Start of Records

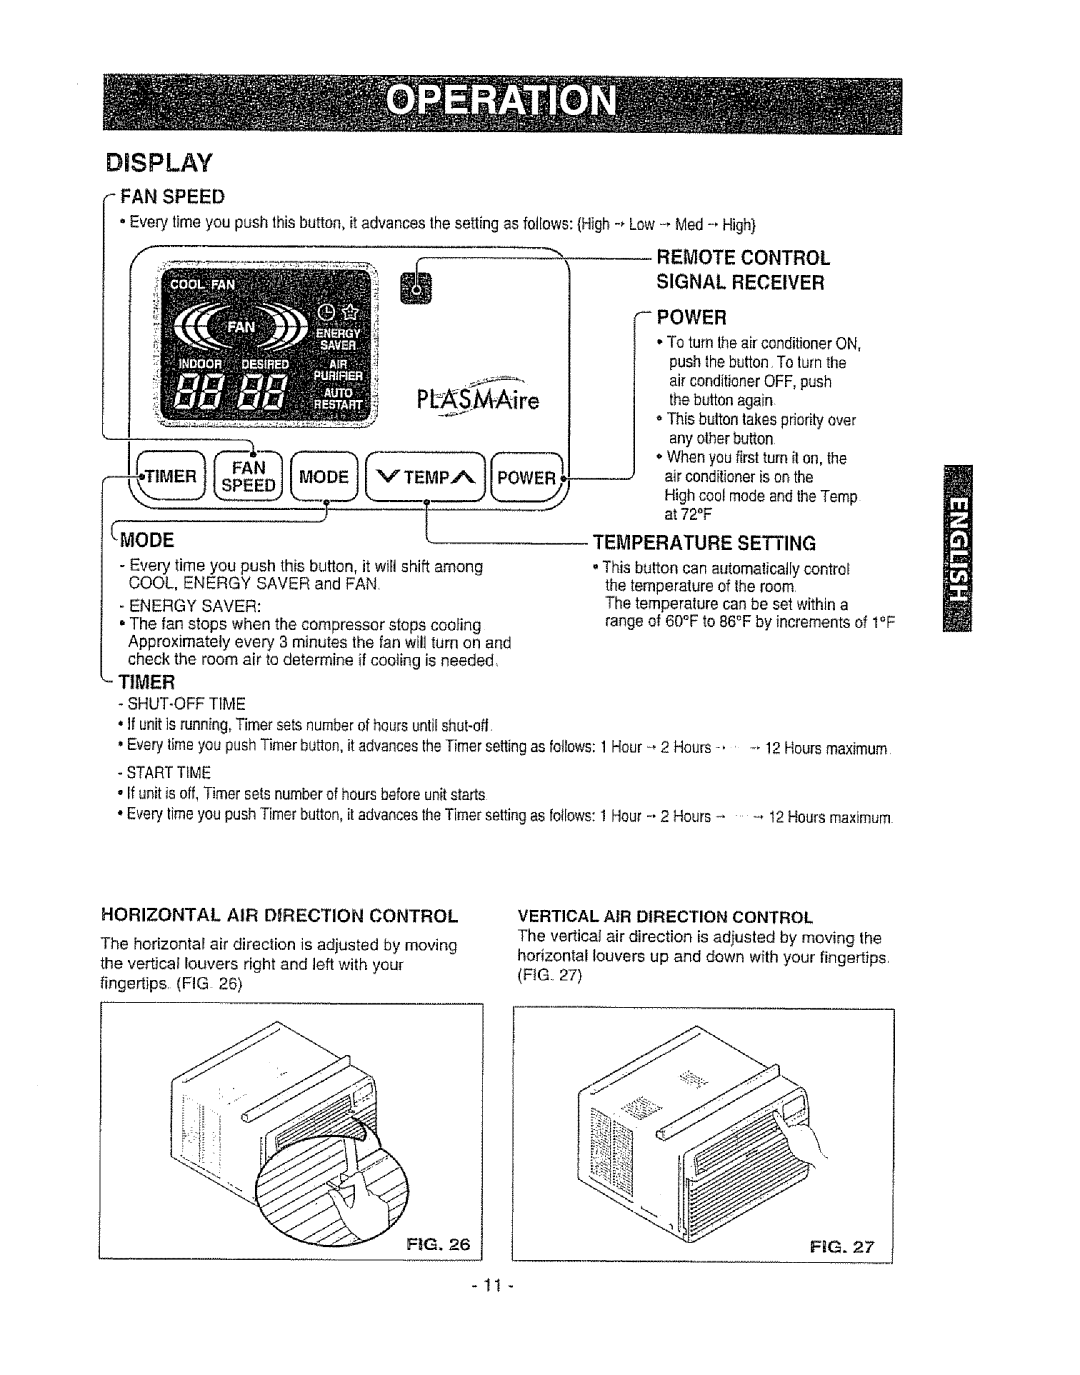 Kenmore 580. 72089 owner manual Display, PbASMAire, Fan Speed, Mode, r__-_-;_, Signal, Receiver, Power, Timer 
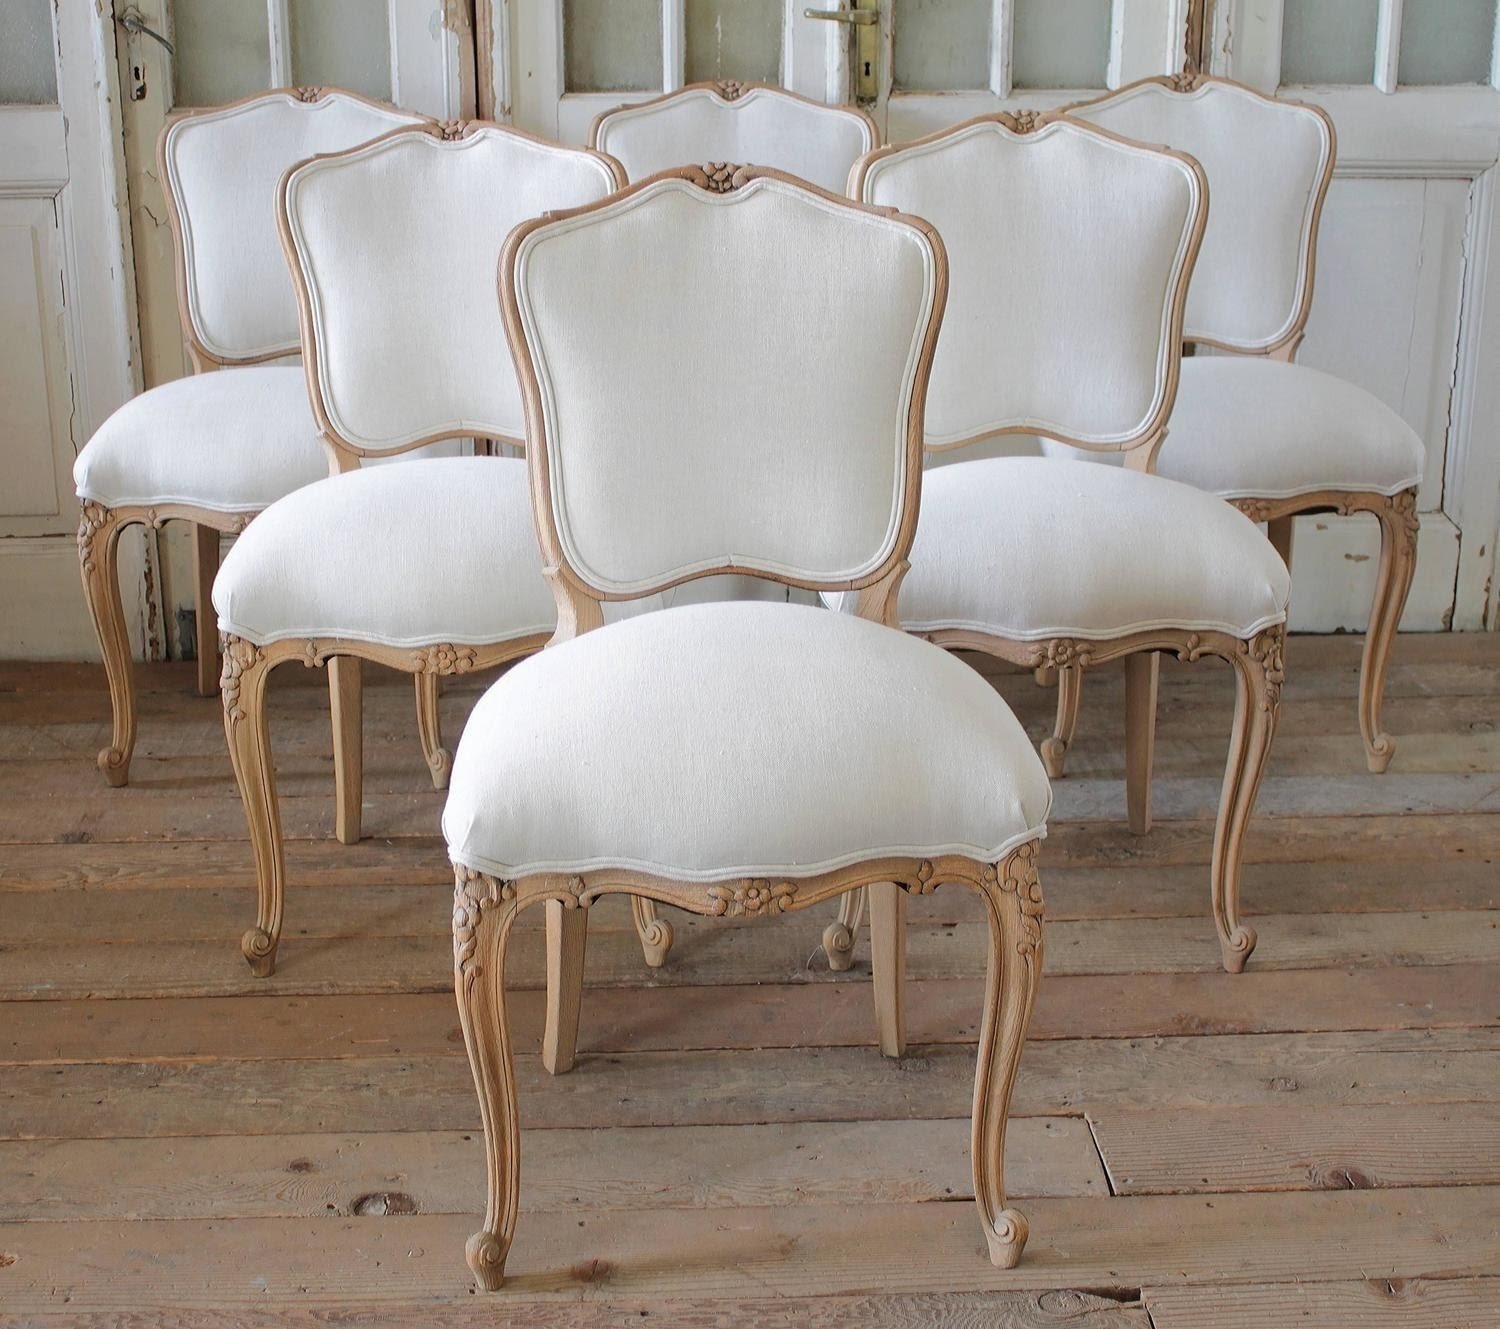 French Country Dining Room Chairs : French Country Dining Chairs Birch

End of Records
Start of Records

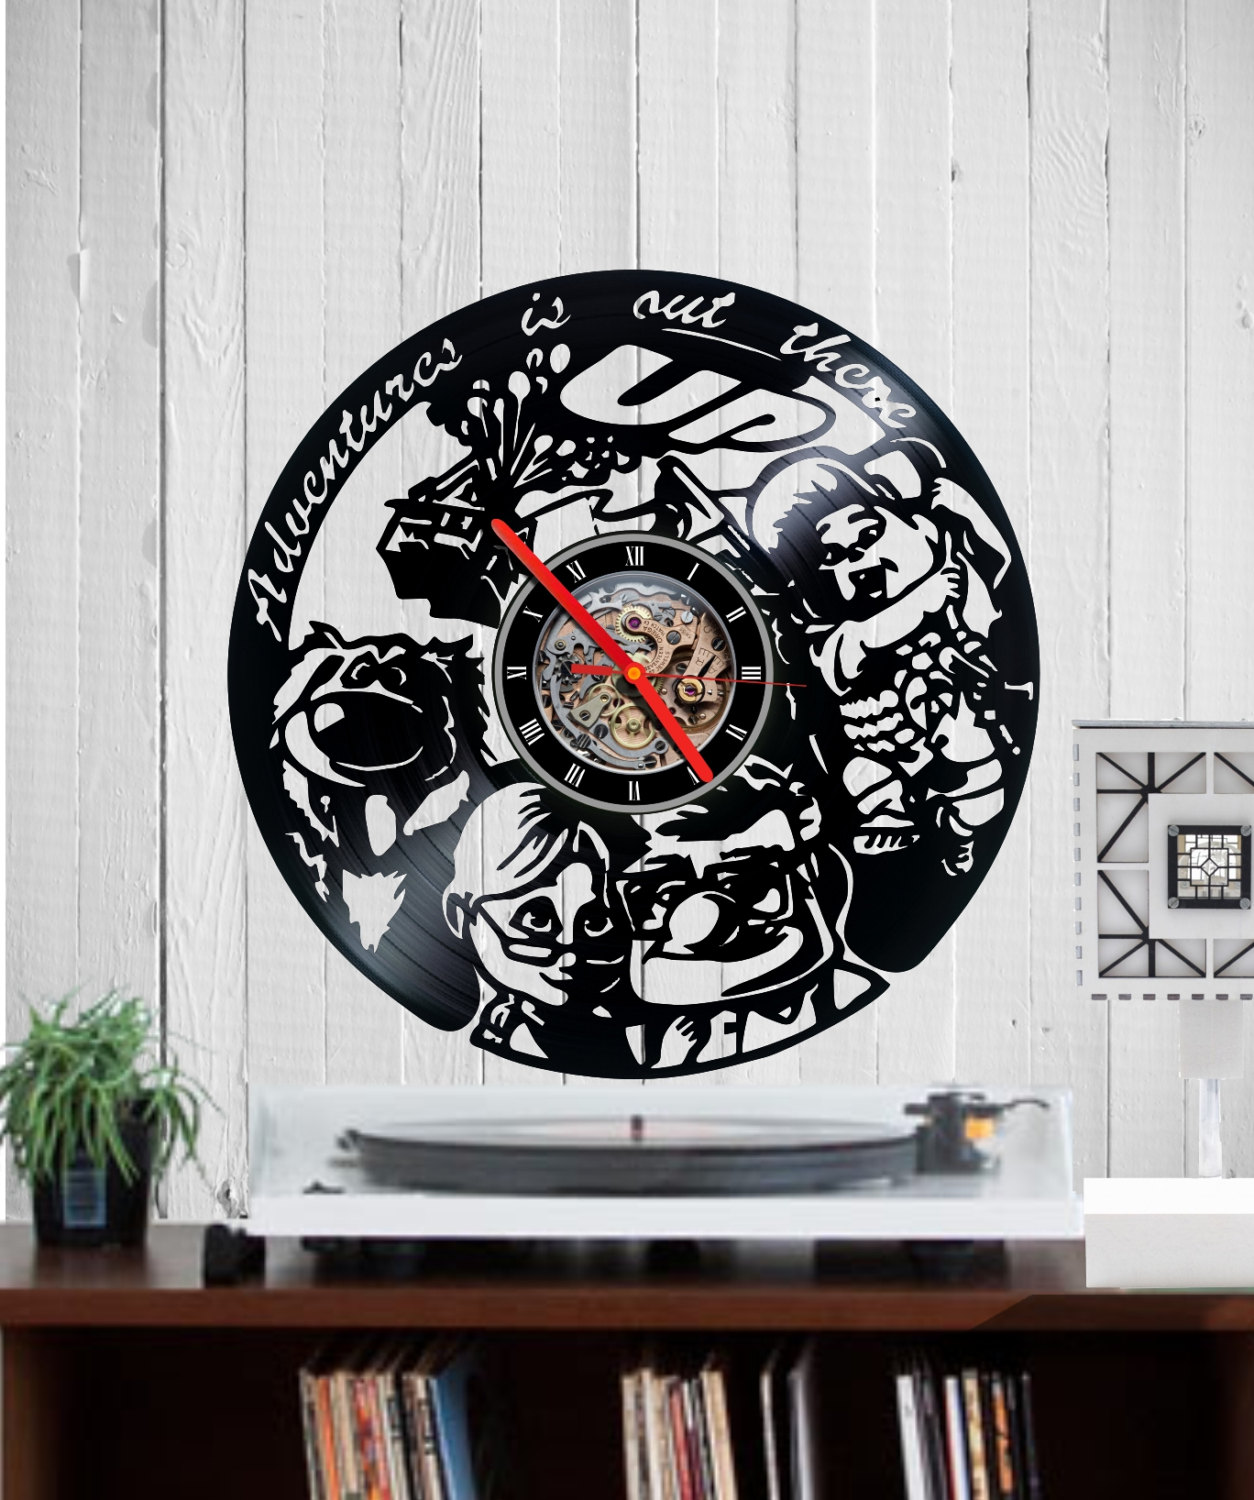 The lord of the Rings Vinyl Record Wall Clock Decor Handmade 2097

End of Records
Start of Records

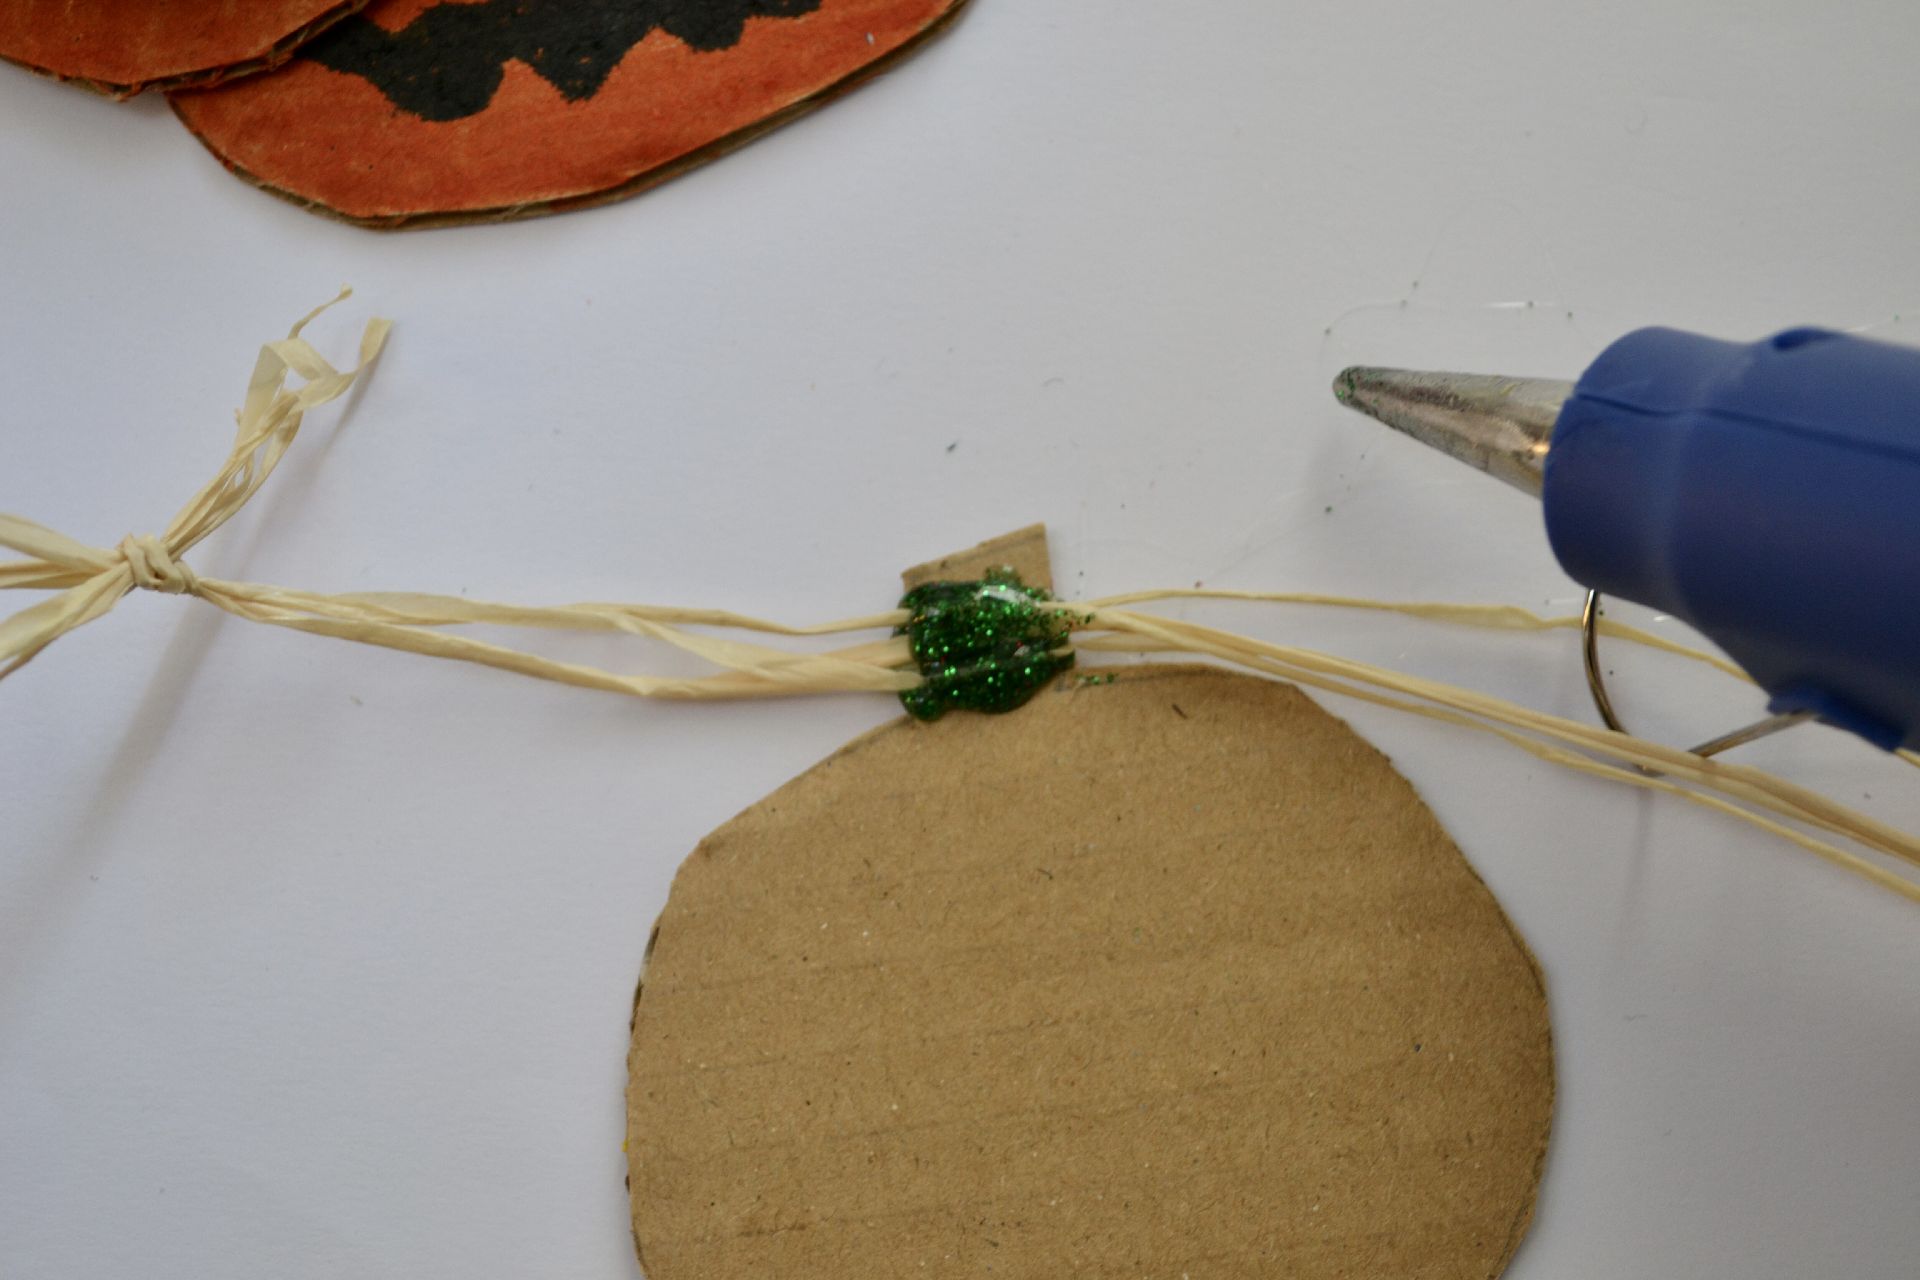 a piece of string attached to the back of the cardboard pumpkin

End of Records

Work order
A clean copy is needed of the lines in the listing above from the one with "Kenmore 580. 72089" through the one with "French Country Dining Room", exact in every word and free of pictures.

Solution below
 Kenmore 580. 72089 owner manual Display, PbASMAire, Fan Speed, Mode, r__-_-;_, Signal, Receiver, Power, Timer 
 French Country Dining Room Chairs : French Country Dining Chairs Birch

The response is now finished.